Summer storms were rolling in and it seemed like the perfect time to nap. I had always loved the peace that came with a violent summer storm. I climbed into bed after opening the curtains, and almost immediately drifted off to sleep.
“You can’t sleep!” Anna jumped on my bed, jolting me awake.
“Why not?” I swatted at her.
“Junior is coming!” Anna didn’t feel the need to explain who Junior was, so I didn’t even ask.
“Well I’m sure Junior will be okay with me taking a nap. You can baby sit him.” I yawned, a clap of thunder reminding me why I wanted to sleep the afternoon away.
“Get up and get dressed!” Anna insisted.
“Give me thirty minutes okay?” I didn’t feel like fighting, I felt like napping.
“Okay, but not a second more.” she headed out and filled Penny in on my requests. I rolled over and found the warm spot under the covers again and reminded myself that the new Addy wouldn’t even complain about baby sitting on a perfectly good Saturday night.
“I thought she said thirty minutes!” I heard Penny and Anna arguing in the hall.
“She did!” Anna knocked on the door and called my name.
“It has been two hours!” Penny sounded frantic.
“What? What’s wrong?” I was still confused.
“Get up! Junior is already here!” Anna called as she scurried down the stairs.
I stood up, stretched, adjusted my now dry bikini bottoms and headed out to meet the little terror. I tripped on the last step and cracked a joke about still being half asleep. Anna and Penny’s faces filled with terror. They were fully dressed for a night out on the town, and I wondered if they were going to leave and stick me with baby sitting. It seemed like a scheme they would concoct.
“Oh no no no!” I was going to set them straight. “I am not baby sitting while you two go out. Not happening.” I looked around the room for Junior. When my eyes reached the couch, they were met with the biggest brownest eyes I had ever seen. There I stood in a crooked bikini, meeting the man from that afternoon at the beach for the first time.

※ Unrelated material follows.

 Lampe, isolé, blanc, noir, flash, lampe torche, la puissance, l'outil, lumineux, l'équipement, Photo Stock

Penny, who obviously found the whole ordeal humorous said, “Addy meet Junior. Junior, this is Adeline.”
“Hi, Adeline.” He smiled and stood up to greet me. Now I had met a lot of Anna’s boyfriends in a lot of different ways, but never had I given a crazier first impression.

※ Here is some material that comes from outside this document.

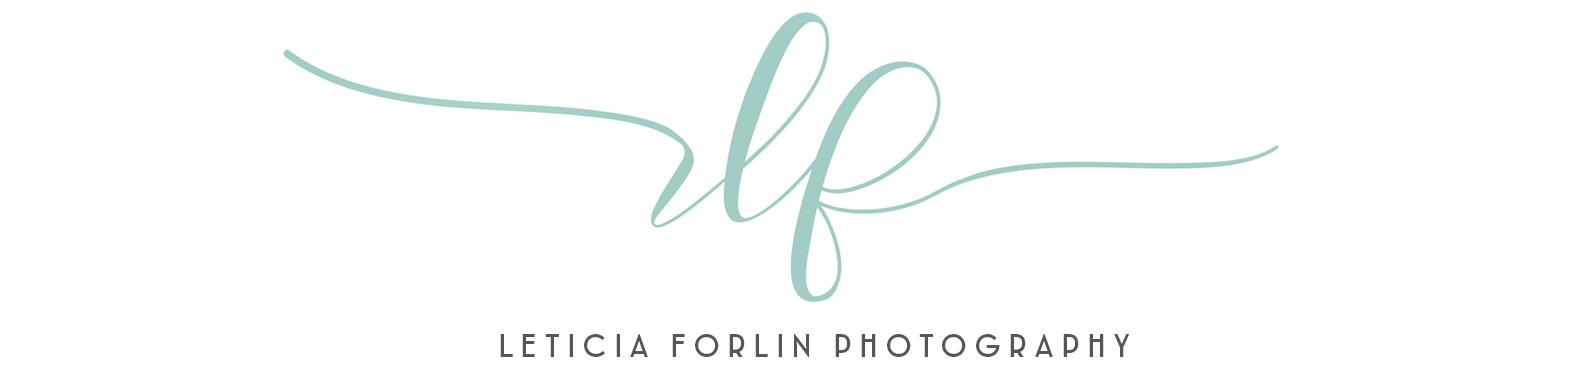 Leticia Forlin

I extended my hand and laughed. “Well, I guess I was confused. Looks like Anna will be the one baby sitting. Nice to meet you, Junior.”
“Nice to meet you, Adeline.” He smiled, a brilliant white smile. Anna had hit the jackpot this time!
“Go upstairs and get dressed.” Anna shooed me away, probably embarrassed to call herself my sister. It wouldn’t be the first or the last time.
I headed upstairs, collected my thoughts, and hopped in the shower. I had a lot to prove after stumbling half naked down the stairs like a drunk, ranting and raving about baby sitting grown men. I dried my hair, put on makeup from the new kit that Penny had bought me, and put on a white sundress and flip flops. My tan looked bronzer than ever against the white straps, and my honey colored hair had blonde streaks running through it from my time in the sun. I stared at myself in the mirror, surprised at how beautiful I looked. If I didn’t know any better, I would have thought that I looked a little like a blonder goofier version of Mama. I smiled, and headed down to reintroduce myself to Anna’s new friend.